The exchange program is the latest fruit of President Robert Mugabe's Look East policy meant to promote ties with China as an alternative to the United States and European Union. The West has shunned Zimbabwe because of human rights abuses and economic mismanagement. Dr. Peter Mundy, a biologist attached to the National University of Science and Technology in Bulawayo, Bulawayo, said the tiger plan made no economic or ecological sense.
That's probably why Bob insists on it.
"The whole idea really is a complete load of garbage," he said. "We don't have any money to look after our own animals."
Zimbabwe is struggling to protect its own endangered rhinoceros and painted hunting dog, and its cheetahs are being poached from recently expropriated commercial game reserves. "It would be cruel," Mundy said. "Siberian tigers are not adapted to anything in Hwange National Park, not the seasons, nor the climate nor the vegetation. And they would certainly be dangerous over here." Siberian tigers are native to the pine forest of the remote Amur region, seasonally blanketed in heavy snow. Hwange National Park, 500 kilometers (1,200 miles) west of the capital, has little surface water for most of the year. Prides of lion and leopards compete for prey with packs of hyena and painted hunting dog.
Okay. Pretty basic. Siberia: Cold and snowy. Zimbabwe: Hot, not snowy.
Dick Pitman, executive director of the Zambezi Society, which lobbies for conservation throughout the region's major river basin said "he had no problem" with the plan as long as it was confined to captive breeding, had adequate foreign funding and was run by tiger experts.
Ummmmmmm...Dick? This is Zimbabwe we're talking about here.
Difficulties would arise if the tigers got into the wild, he said.
Yeah, but that probably won't happen, right, Dick? ...Dick?...Hello?
Seizure of 5,000 white-owned commercial farms and game conservancies under Mugabe's "fast track" redistribution of land to black Zimbabweans has resulted in massive poaching, conservation experts have reported since its start in February 2000. Zimbabwe lost 3,000 black rhino to international poaching gangs in the 1980s but has fought for the right to trade ivory from its estimated 80,000 elephants.
Hey, but it's Zimbabwe, so Bob gets a pass...
Posted by:tu3031

#4  I doubt it. Them tigers eat yo ass when ya can't feed em. And I gots nuthin to feed em.
Posted by: Farmin B. Hard   2005-09-15 16:22  

#3  Lions and tigers and bears. Oh, my!

Will we be seeing postings from "Tiger-ranching B. Hard?"
Posted by: Jackal   2005-09-15 16:05  

#2  Let's see
Aids is at 25%.
The white farmers got run out.
nobody is farming the land.
Tigers are to be brought in.

I think Mugabe has made a deal to deliver a relatively empty country to China to handle their population expansion.
Certainly a new twist on nation building.

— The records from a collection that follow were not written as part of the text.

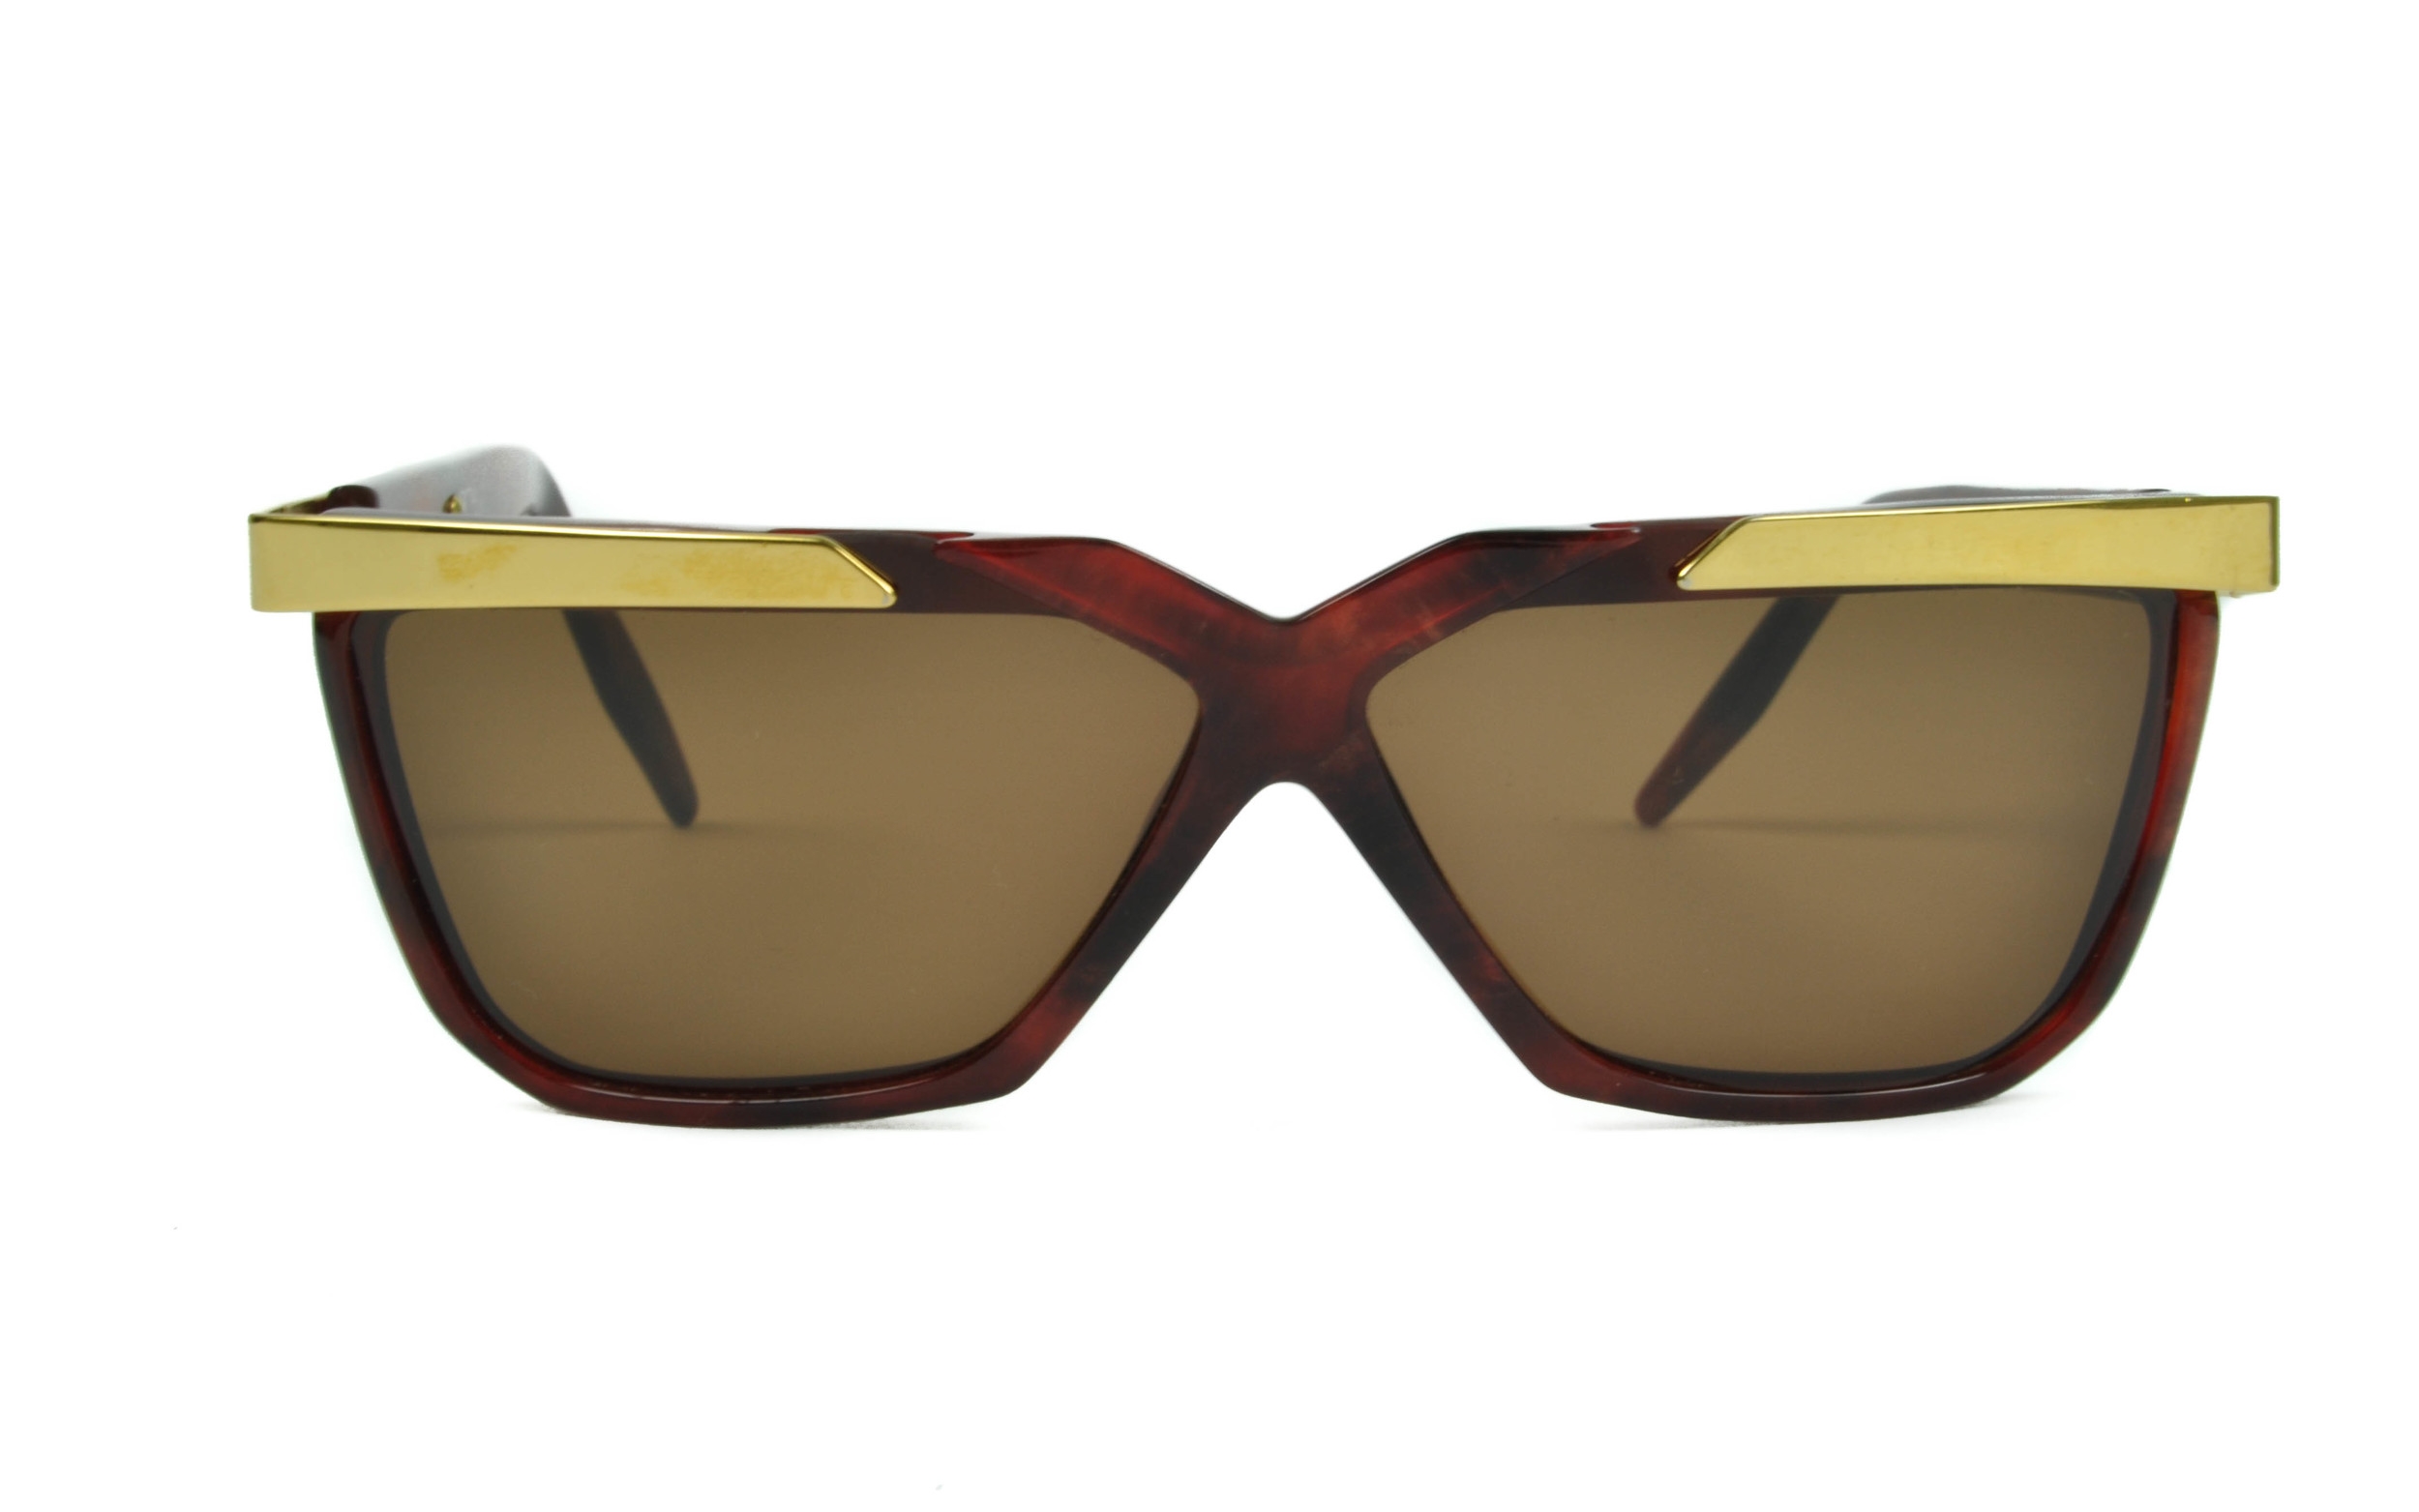 Roberto Capucci RC 302 Rectangular Italian Designer Plastic Metal Sunglasses NOS 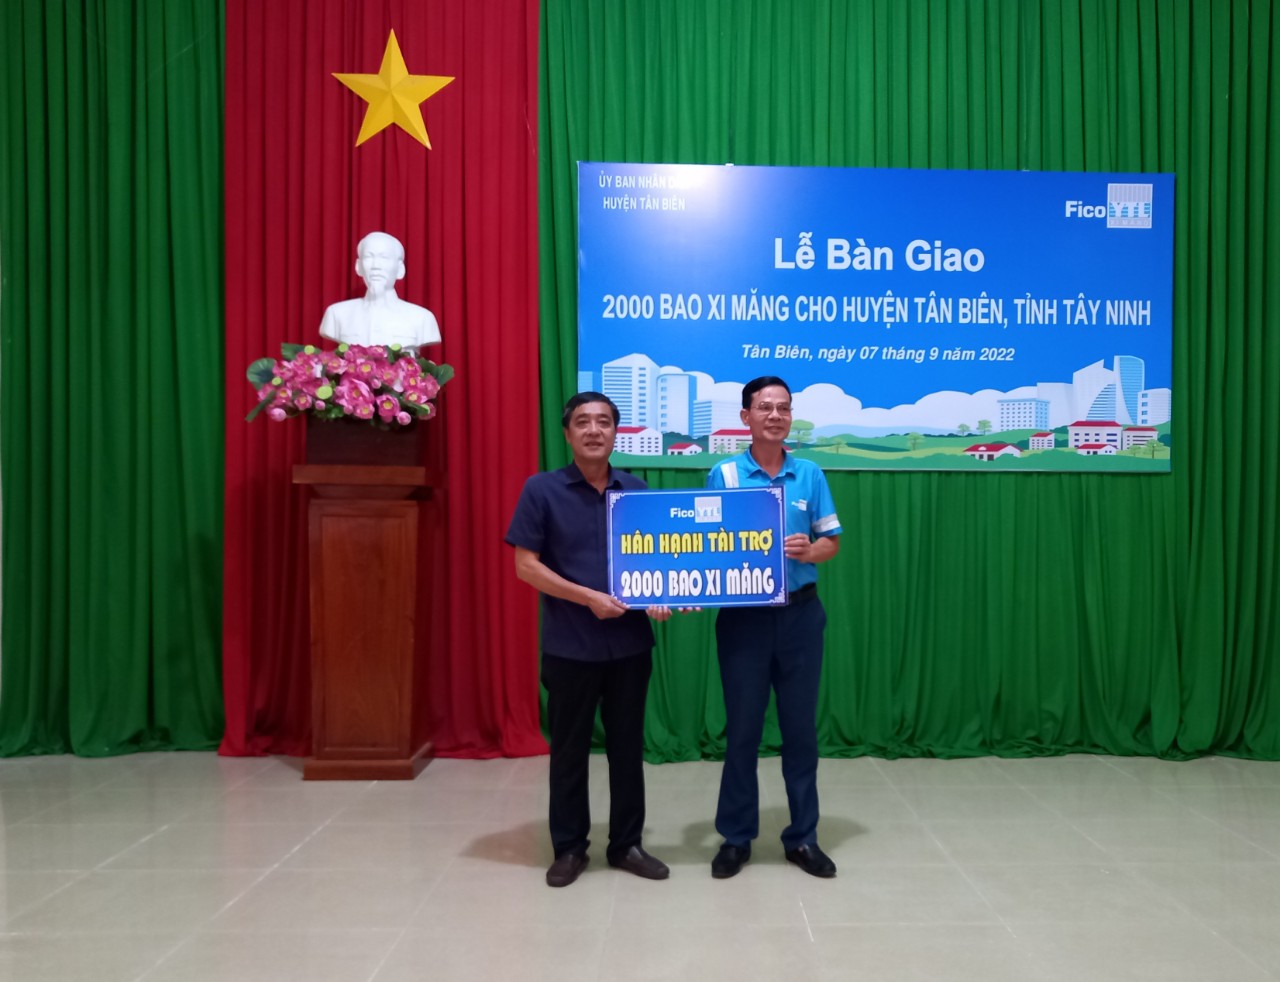 Công ty cổ phần Xi măng Fico Tây Ninh tài trợ 2000 bao xi măng cho huyện Tân Biễn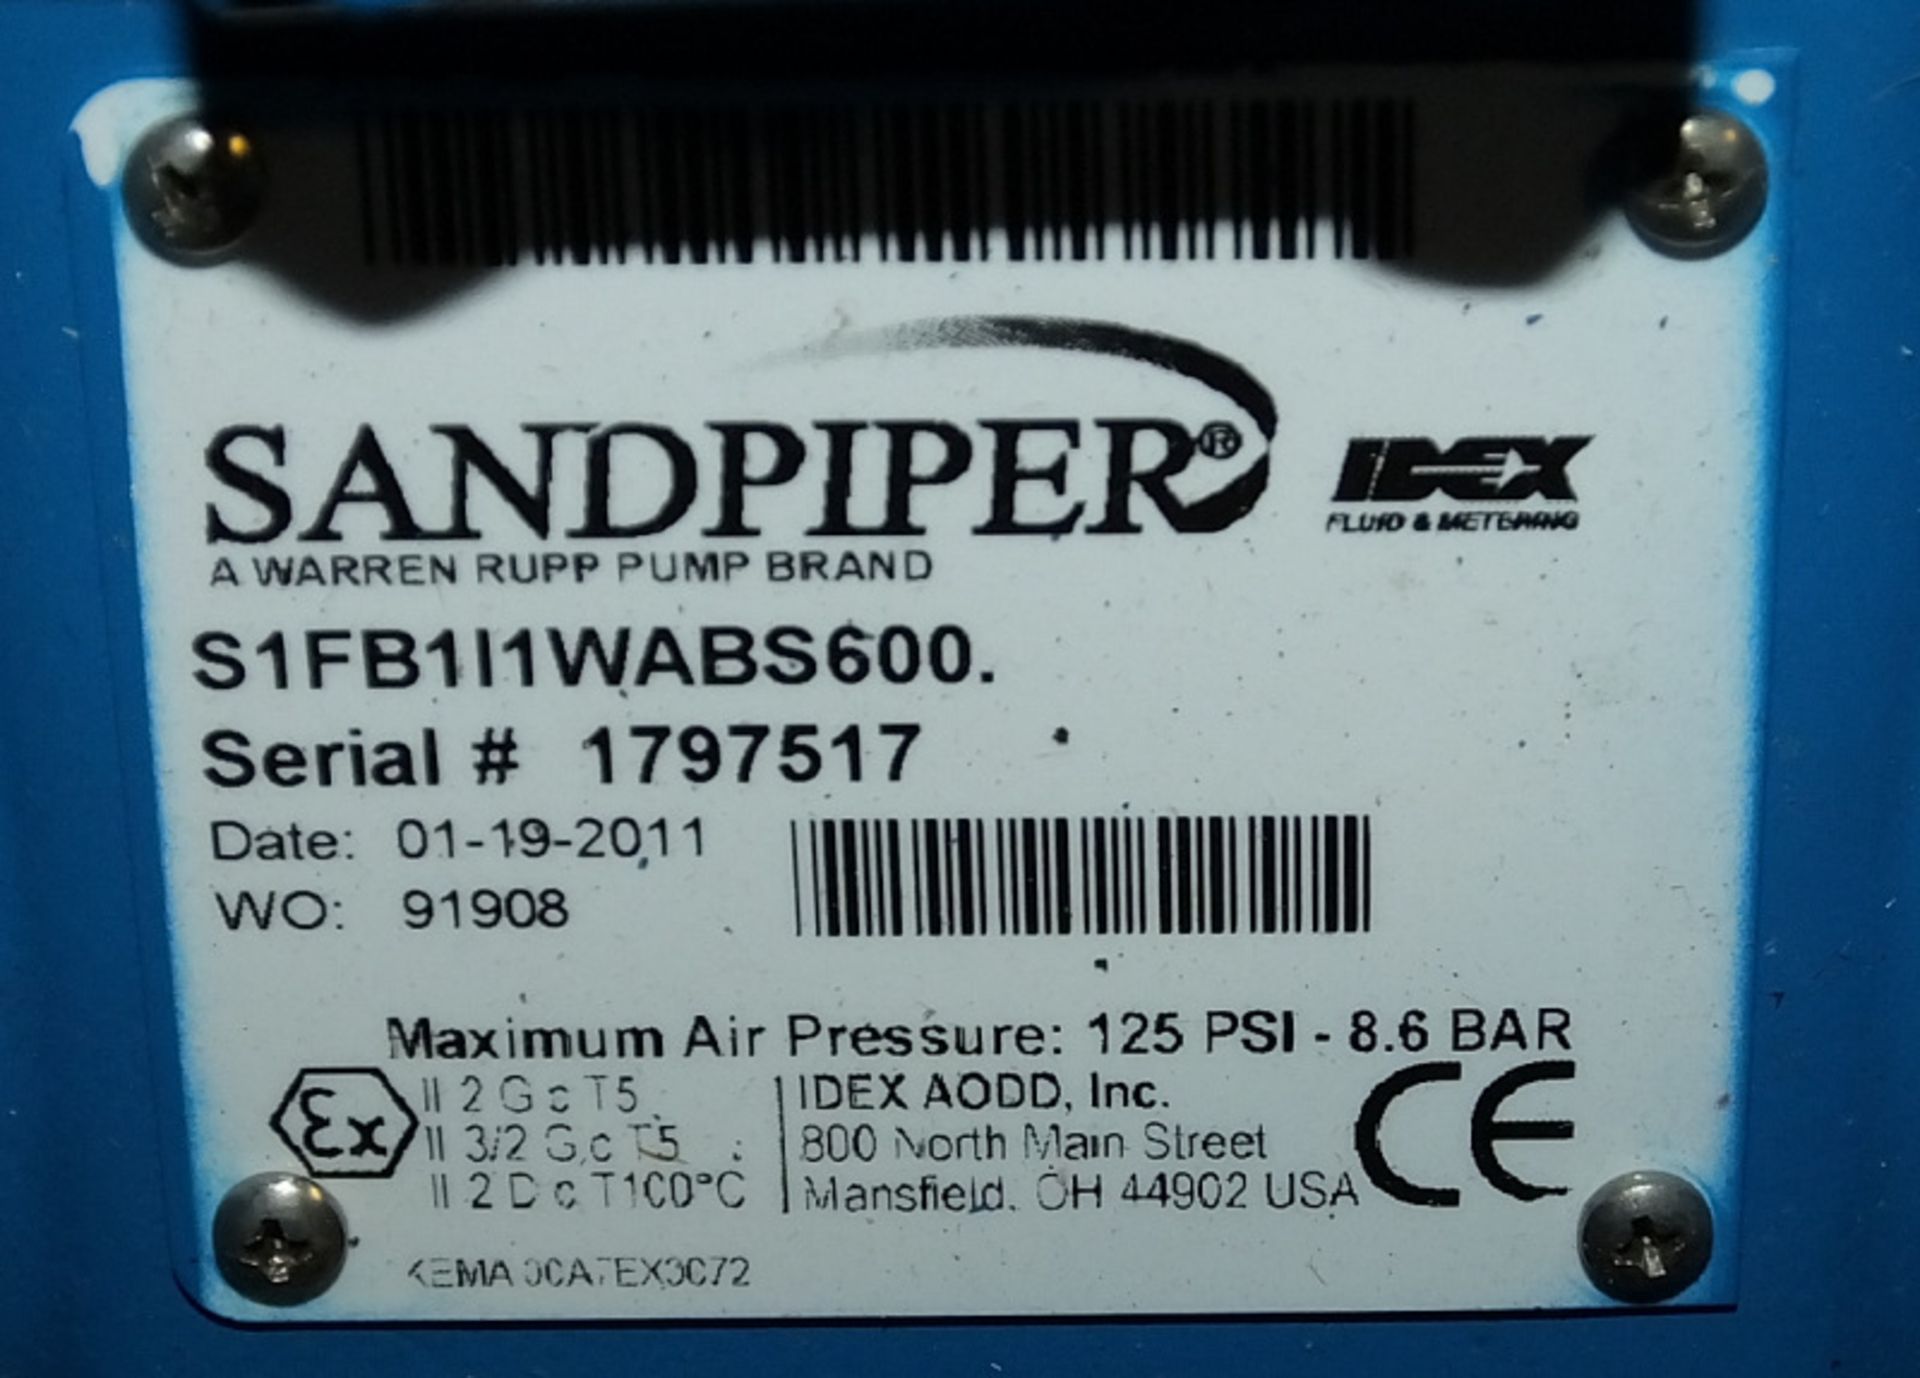 Warren Rupp Sandpiper S1F pump unit 125 psi - 8.6 bar - Image 3 of 5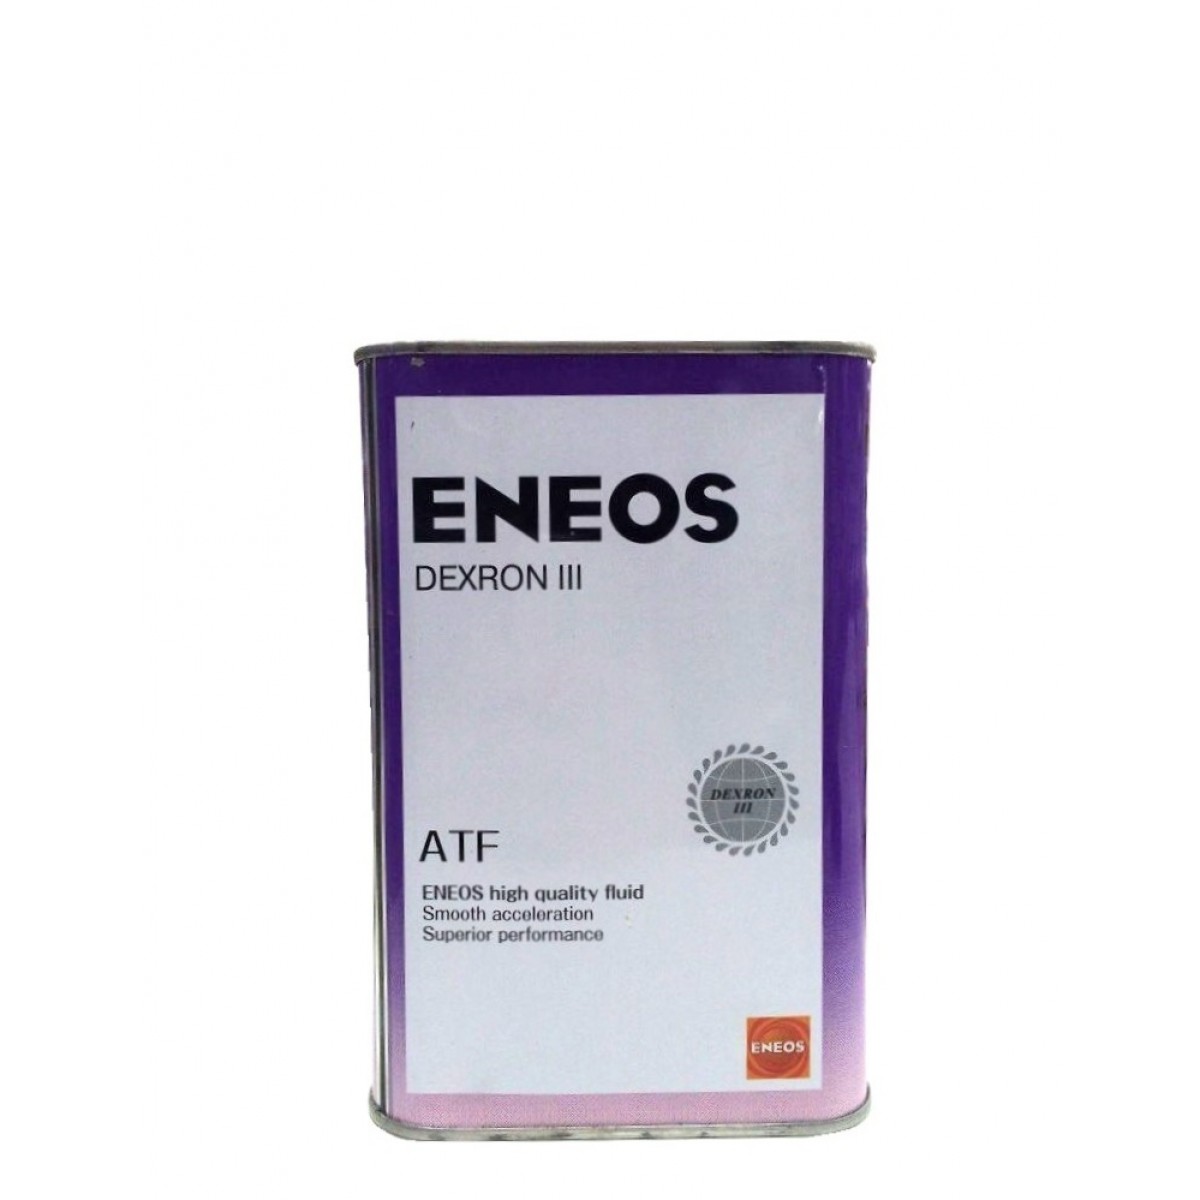 Atf 1 литр. ENEOS ATF 3. ENEOS oil1305. ATF Dexron 3 енеос.

Oh I forgot, it's been done before by giving the "Native Americans" smallpox infected blankets.
Posted by: Redneck Jim   2005-09-15 14:13  

#1   " Siberian tigers are native to the pine forest of the remote Amur region, seasonally blanketed in heavy snow. Hwange National Park, 500 kilometers (1,200 miles) west of the capital, has little surface water for most of the year. Prides of lion and leopards compete for prey with packs of hyena and painted hunting dog.